U.S – Various consumer groups and businesses have implored the U.S. Department of Agriculture’s (USDA) Agriculture Secretary, Tom Vilsack to modernize poultry safe regulation through science-based reforms.

Joining the consumer groups in penning the letter are also foodborne illness survivors, poultry industry leaders, academic scientists, and other food safety leaders. Participating companies include Tyson Foods, Perdue Farms, Butterball, and Wayne Farms, and participating groups include Centre for Science in the Public Interest, Consumer Reports, Stop Foodborne Illness, and the Consumer Federation of America.

The letters sought USDA to implement new poultry food safety standards because the current methods are “broken.”

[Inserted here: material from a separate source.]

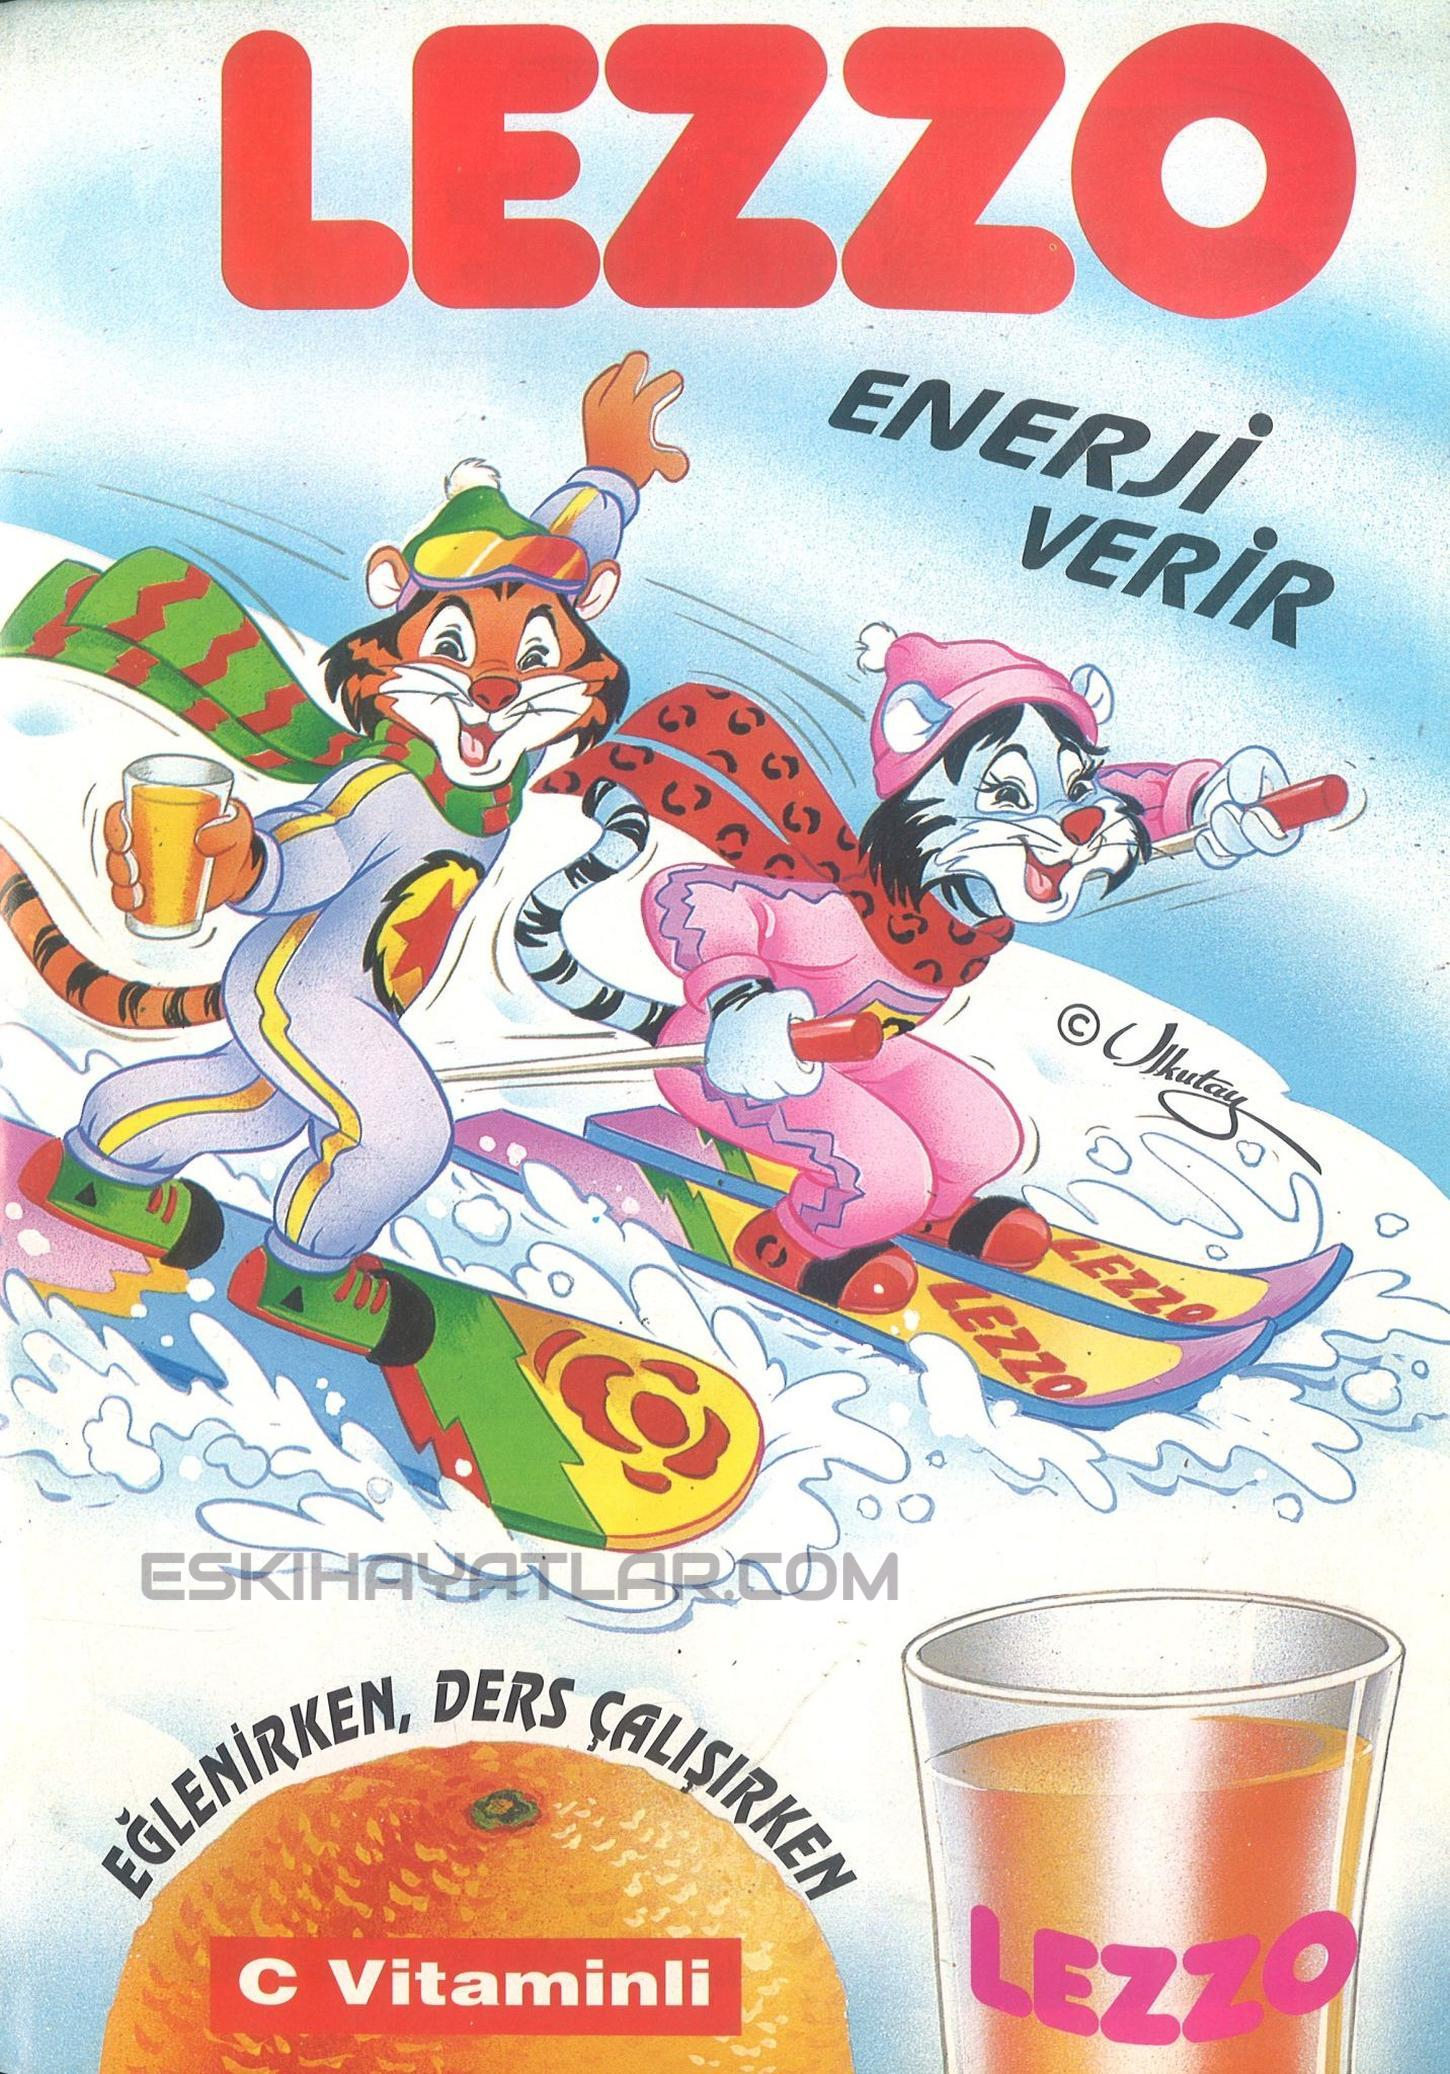 doksanli-yillarin-unutulmaz-reklamlari-lezzo-turbo-sakizi (1)

The letter explained that while progress on plummeting foodborne illness has been at a standstill, scientific knowledge of Salmonella has greatly increased and recognized best practices for Campylobacter and other pathogens have advanced.

Science reveals that current performance standards do not effectively target the particular types of Salmonella and the levels of bacteria that pose the greatest risks of illness, and the overall regulatory framework does not adequately harness modern tools for preventing and verifying control of the bacteria that are making people sick.

The letter also asks for poultry food safety standards that are “objective, risk-based, achievable, enforceable, and flexible” enough to adapt to science, which is constantly evolving.

Foodborne pathogens in poultry

Foodborne pathogens remain a significant threat to public health in the United States, sickening millions of Americans annually. Salmonella and Campylobacter, which are commonly found in poultry, account for over 70% of all foodborne illnesses tracked by the Centers for Disease Control and Prevention (CDC). 

Annually, these two pathogens cause approximately 3 million illnesses in the U.S. and cost over 6 billion dollars.

In 2010, the Department of Health and Human Services (HHS) included foodborne illness reduction in its Healthy People 2020 national public health goals, setting targets for lower Salmonella and Campylobacter illness rates.  Unfortunately, these target rates were not met.  Rather, recent surveillance data indicate that the rates did not decrease from 2010 to the present and have been persistently high for the last 20 years. 

Last year, HHS released the Healthy People 2030 goals and again included both Salmonella and Campylobacter illness rate targets, but they are essentially the same as in the 2020 goals. The letter called for a better approach to meet these goals.